[Start of Attachment]

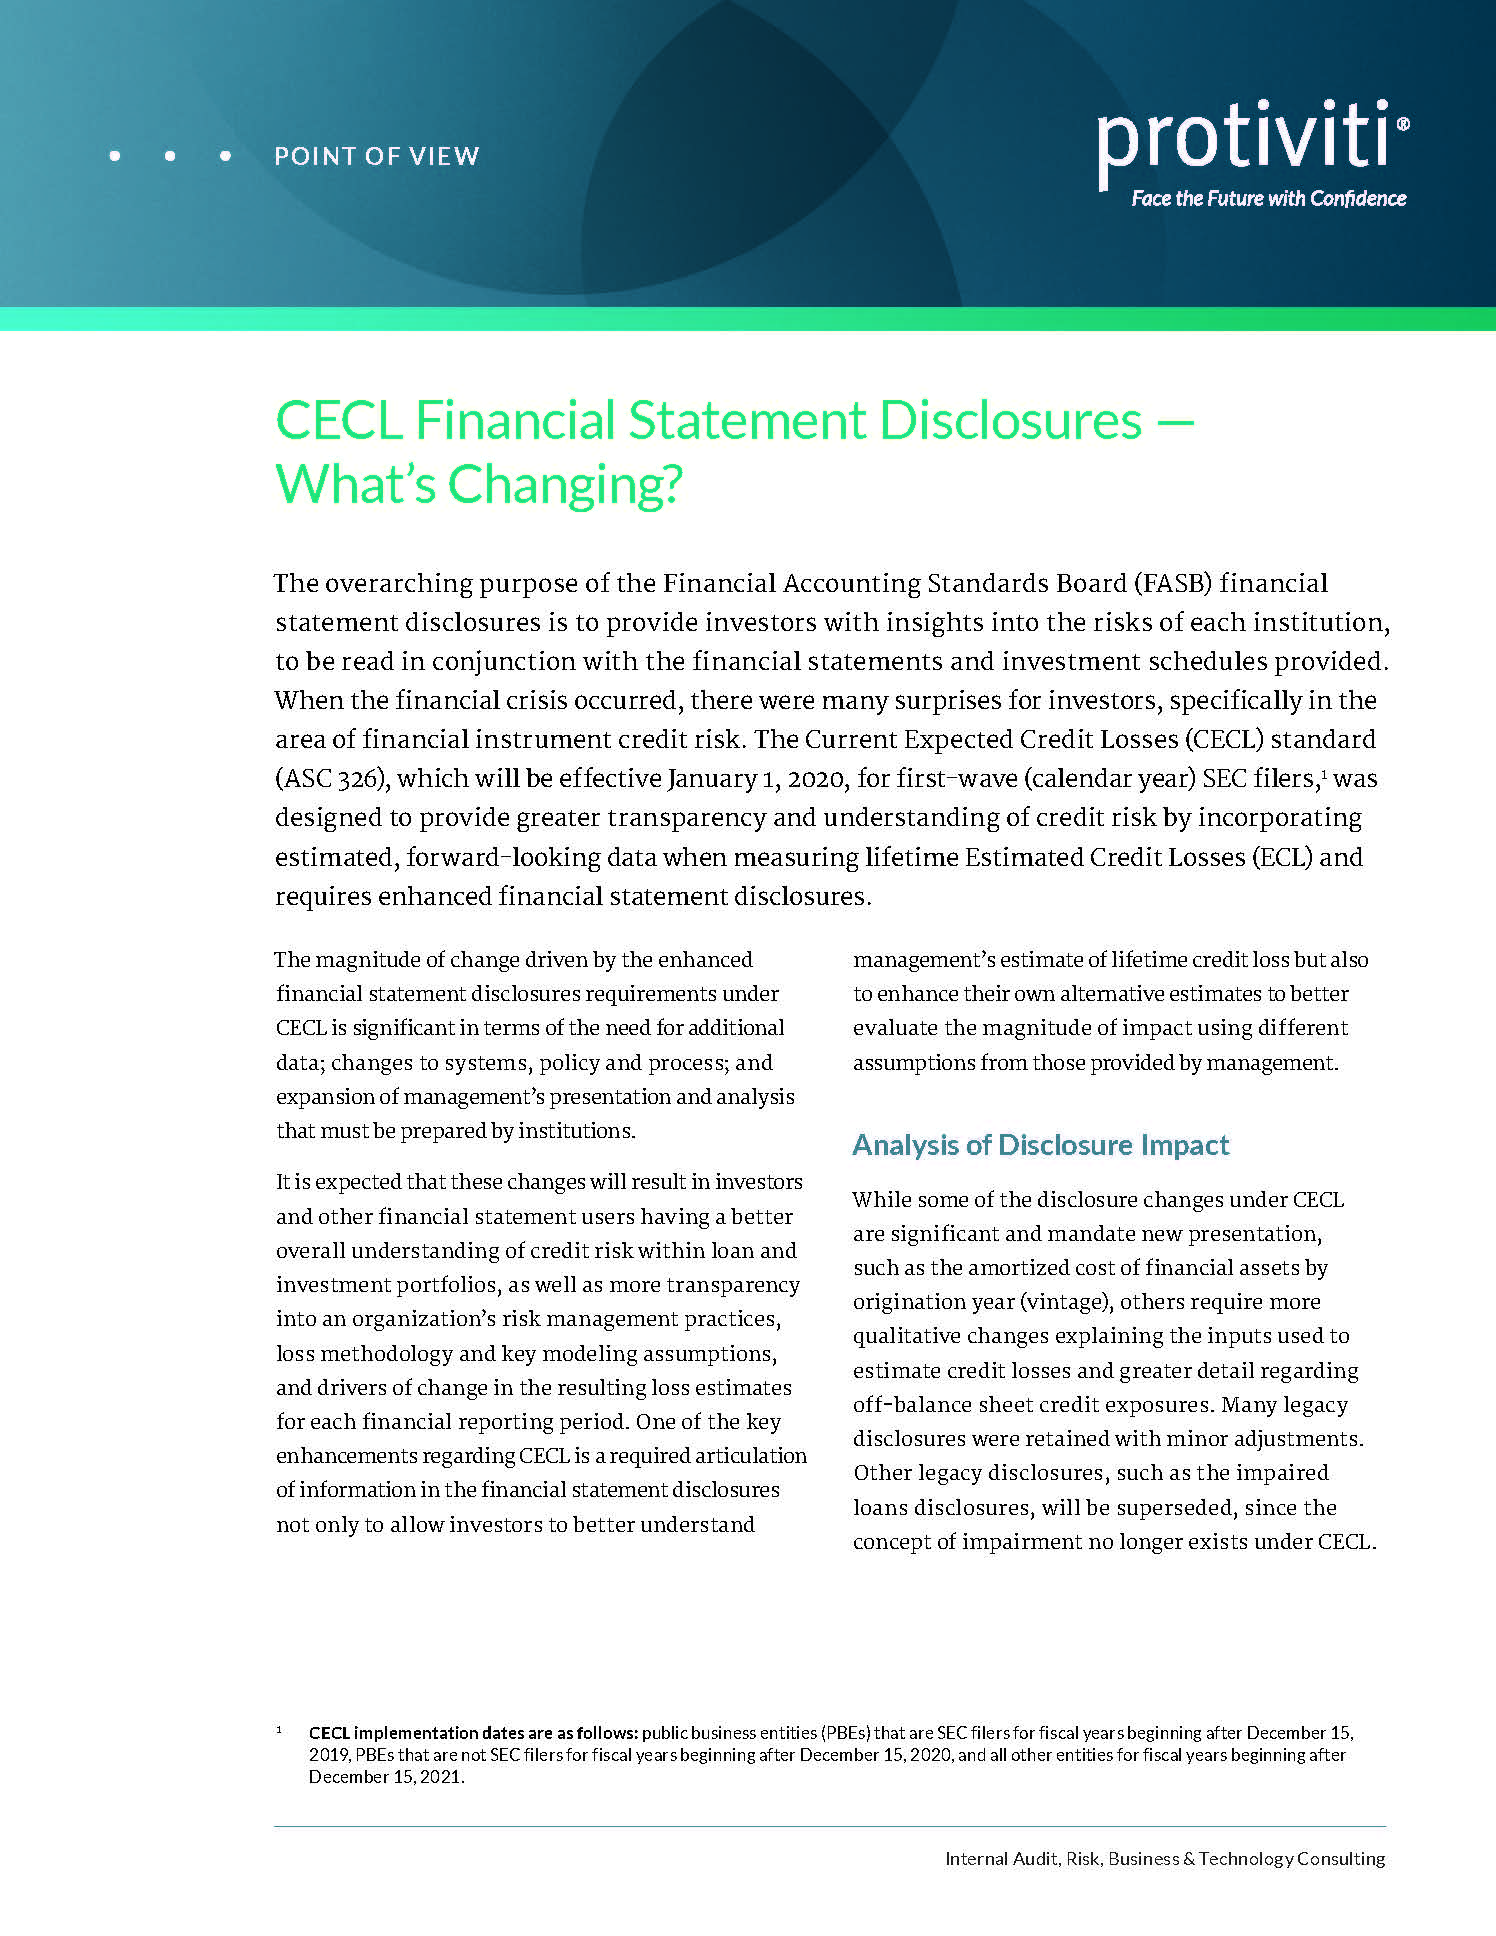 Screenshot of the first page of CECL Financial Statement Disclosures — What’s Changing?
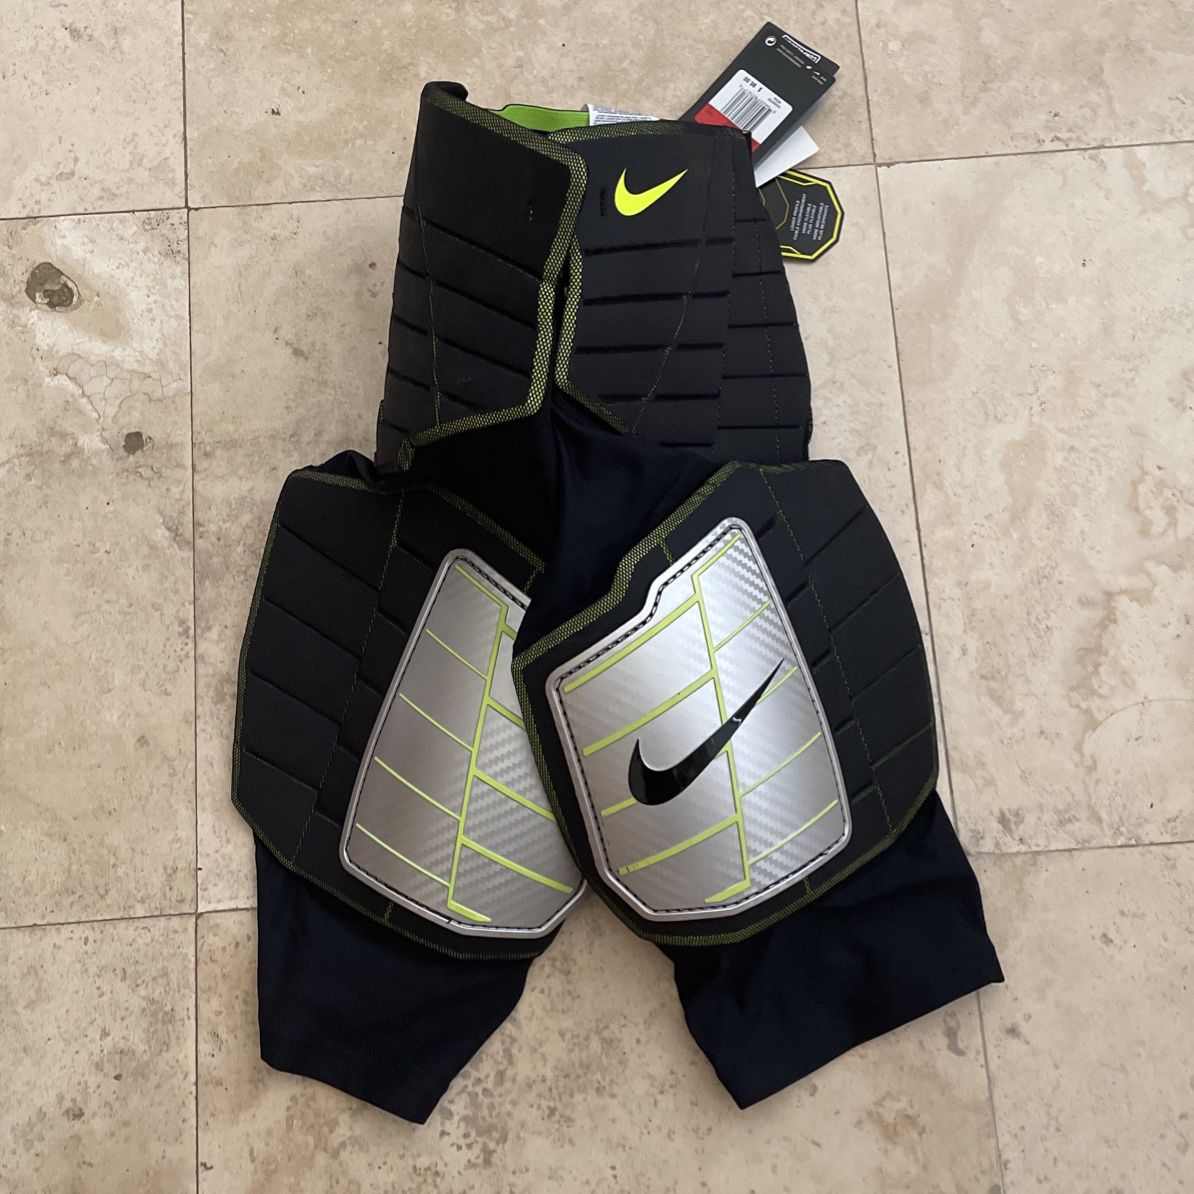 New, Nike Pro Combat Adult (L) 5-Pad Integrated Football Girdle
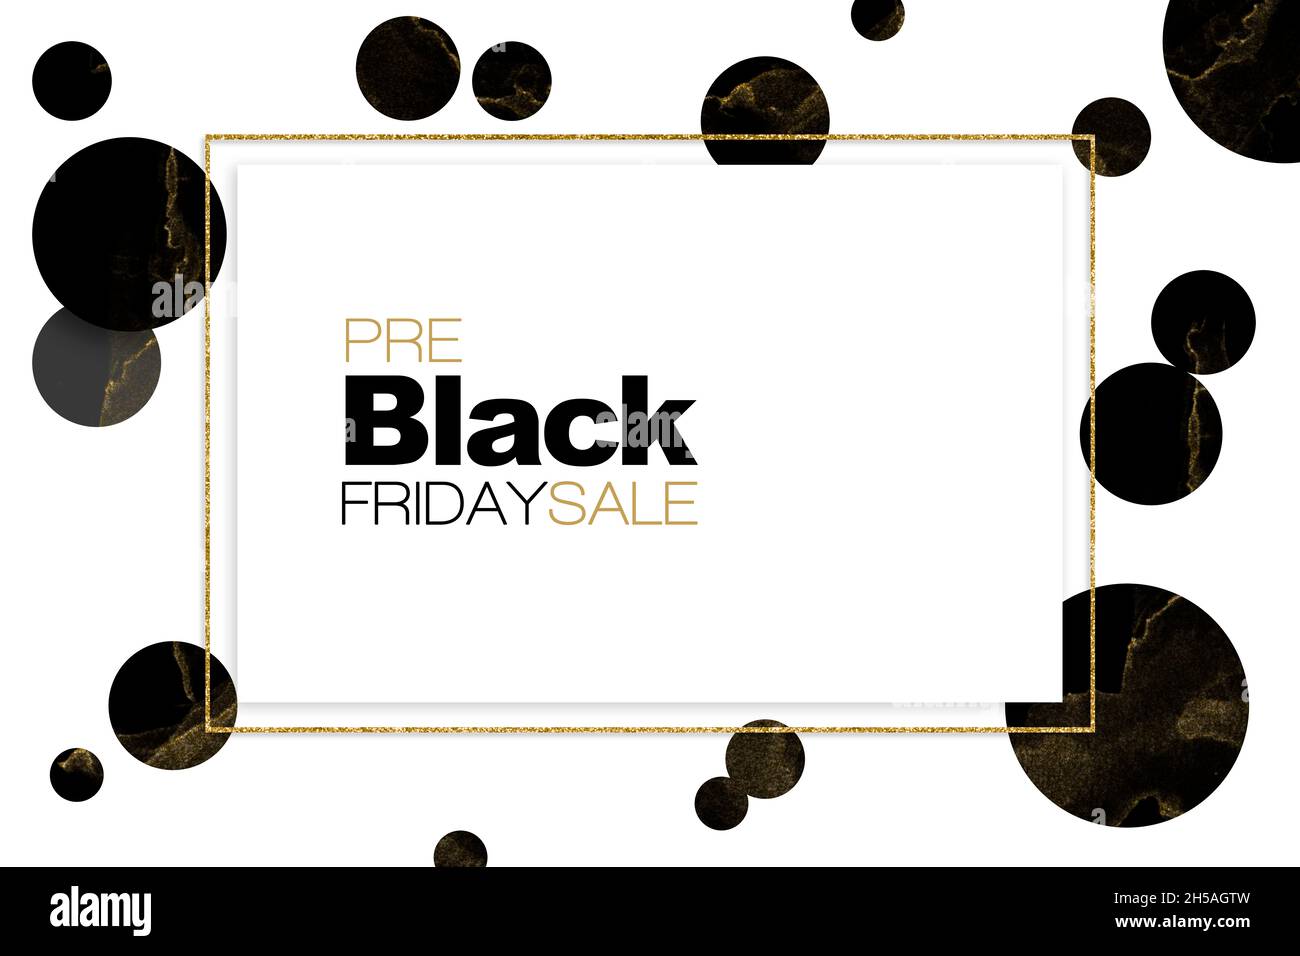 Pre Black Friday sale poster or card design with gold glitter frame on a black and white polka dot background. Business advertising, flyer, card, post Stock Photo
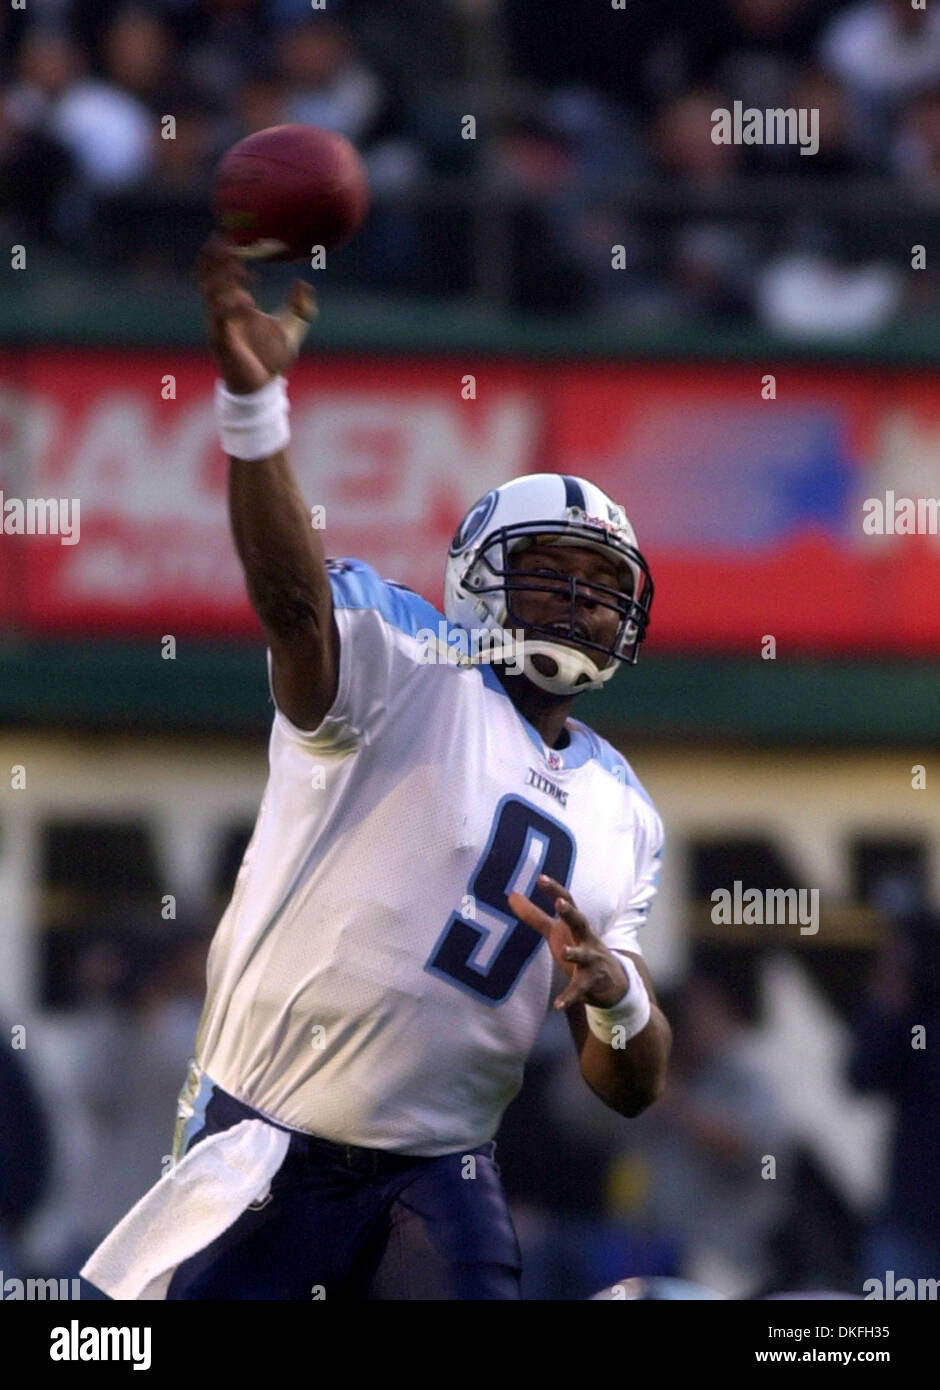 STEVE MCNAIR (Feb 14, 1973 - Jul 4, 2009), American National Football  League (NFL) quarterback from 1995-2008 when he retired. McNair played for  the Houston Oilers, Tennessee Titans and the Baltimore Ravens

[End of Attachment]

*WHAT THE EXERCISE ASKS*:
Print exactly the line containing "New, Nike Pro" and every line after it through the final line above, and leave all pictures out.

*EXPECTED ANSWER*:
 New, Nike Pro Combat Adult (L) 5-Pad Integrated Football Girdle
 Pre Black Friday sale poster or card design with gold glitter frame on a black and white polka dot background. Business advertising, flyer, card, post Stock Photo
 STEVE MCNAIR (Feb 14, 1973 - Jul 4, 2009), American National Football  League (NFL) quarterback from 1995-2008 when he retired. McNair played for  the Houston Oilers, Tennessee Titans and the Baltimore Ravens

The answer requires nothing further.